The DEC is now facing reality, and the formation of this working group is a healthy sign that it is serious about finally embracing reforms. The working group holds the possibility that these reforms could be consequential. Unlike other advisory bodies that made recommendations to the DEC about ways to improve its Forest Preserve management, that we’ve seen with the High Peaks Advisory Group and the Catskill Park Advisory Committee, DEC is focusing the work of the new working group on revision of a discreet set of Forest Preserve management policies. These revised policies will be subject to public hearings and formal adoption by the DEC and Adirondack Park Agency (APA) in 2022.

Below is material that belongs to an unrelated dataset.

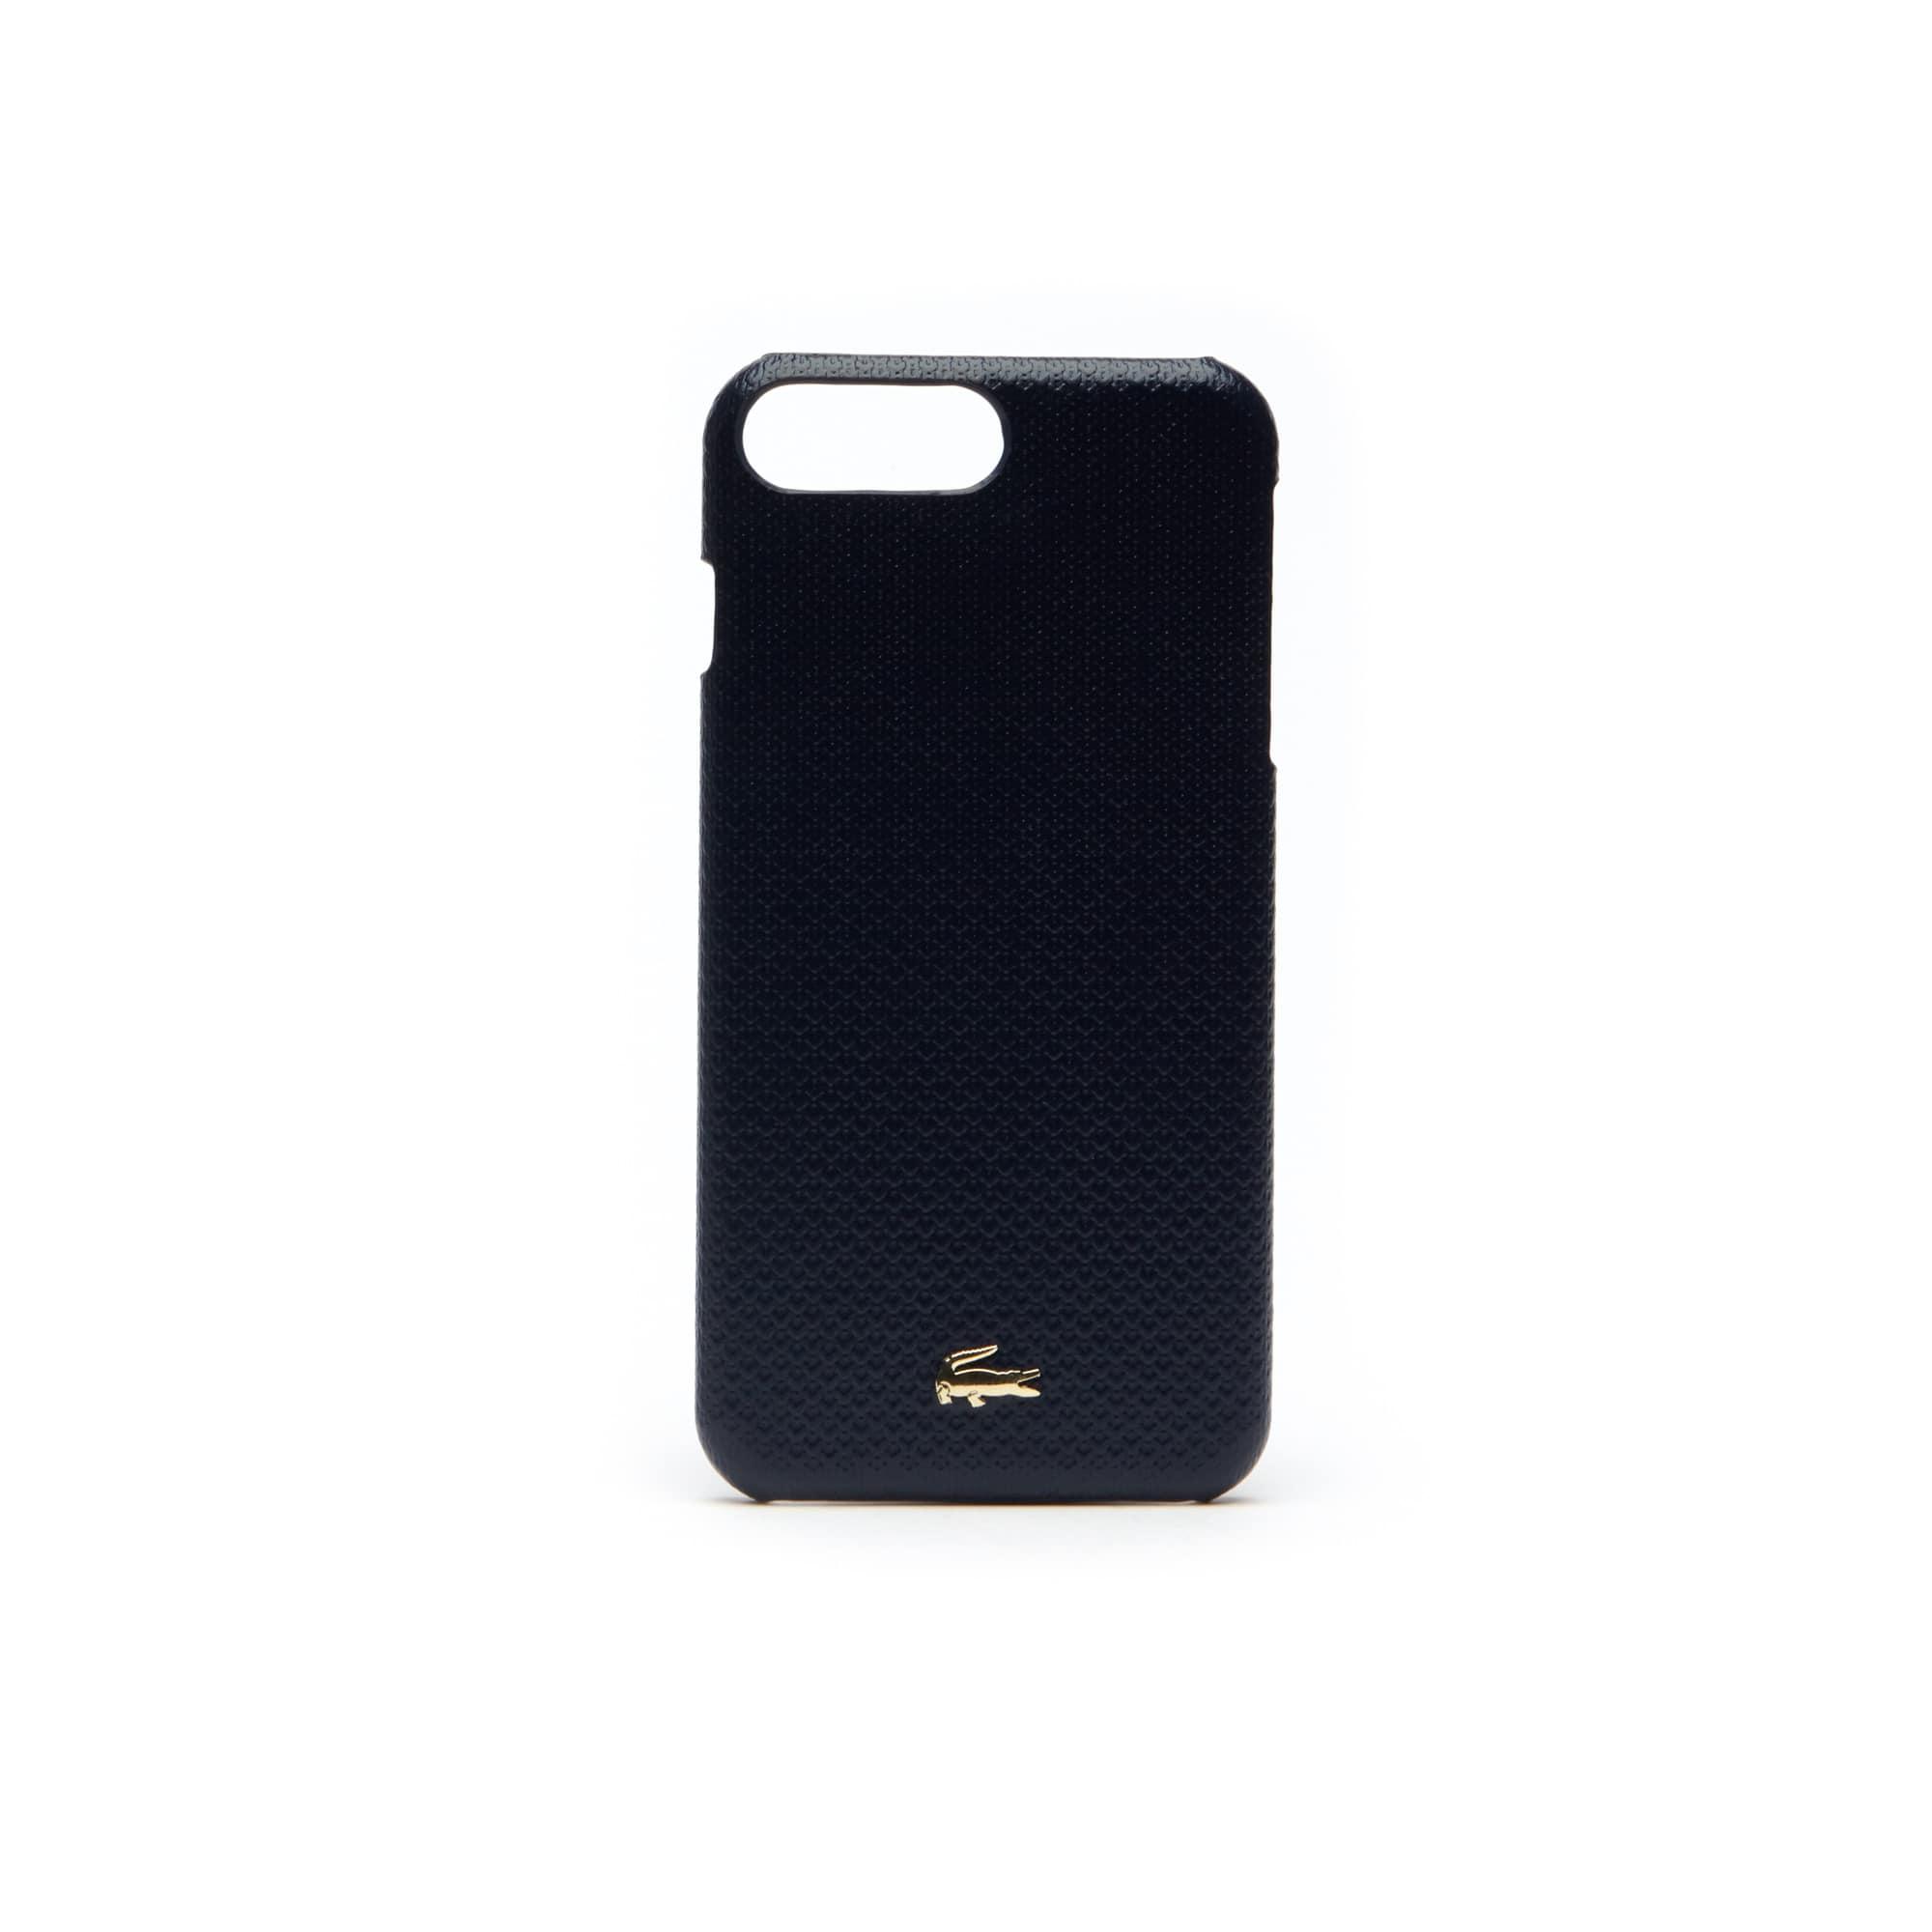 iPhone 8-hoes Chantaco dames piquéleer

The working group’s focus is on how the DEC administers trail building and maintenance on the Forest Preserve. The courts struck down extra-wide Class II Community Connector Snowmobile Trails as illegal. The courts also made rulings about the meaning of Article 14 for language long argued about for “wild forest” and “timber.” Historically, the 1930 “MacDonald” decision that struck down construction of a bobsled track on Forest Preserve, and the 1993 “Balsam Lake” decision that authorized the expansion of a cross-country ski trail in Catskills, have provided legal standards for tree cutting on the Forest Preserve and guidance for allowable uses. The recent “Protect” decision provides additional legal tests and considerations for state management of trails.

 

The DEC-APA now has to amend tree cutting and snowmobile trail construction and maintenance policies. They also have to develop a new trails manual for hiking and mountainbiking trails, among other trail types. How the DEC-APA develops work plans and undertakes work in the field also needs upgrading. The DEC-APA has set an ambitious plan for this working group over the next six months. The DEC wants to have these things in place by the 2022 trail building season. It’s too bad that the DEC chose to waste the last six months denying reality and resisting reforms.

The 13 member of the working group includes Peter Bauer, Protect the Adirondacks; Jackie Bowen, Adirondack Council; Gerry Delaney, Local Government Review Board; Bill Farber, Hamilton County Board of Supervisors; Dave Gibson, Adirondack Wild; Julia Goren, Adirondack Mountain Club; Josh Howard, NY/NJ Trail Conference; Sean Mahoney, Town of Hunter; Kathy Moser, Open Space Institute; Pete Nelson, Adirondack Wilderness Advocates; Jim Rolf, NYS Snowmobile Association; Jeff Senterman, Catskill Center for Conservation and Development; Josh Wilson, Barkeater Trails Alliance.

 

The working group held its first meeting in December, which covered ground rules and process. The DEC stressed that it is not looking to the working group to draft new policies on its own but to review and react to DEC/APA-generated drafts. As such, it will be a tightly controlled and focused process in the first half of 2022. The next meeting is not until January.

The DEC working group process is not as open and transparent as we would like to see it. We would like to see a public process akin to the work of New York’s Climate Action Council, which has conducted an array of substantive meetings that have been open to the press and public. If the state’s draft climate change action plan can be negotiated in public so can Forest Preserve management. We are, after all, talking about the management of public recreation on public lands with public monies and public agency staff. Such policies and decisions should not be treated as state secrets, and state agencies should welcome complete openness and the public should demand nothing less. But, unfortunately, that’s simply not how the DEC and APA like to do things. Perhaps one day, the management of the public Forest Preserve in the Adirondack and Catskill Parks, the Peoples Land in every way, will truly be a public enterprise.

In the meantime, count on Protect the Adirondacks to stand up for Article 14 during the working group. You can also count on Protect the Adirondacks to make this process as open and transparent as possible. Bright sunshine on the workings of government at every level should be embraced and not resisted.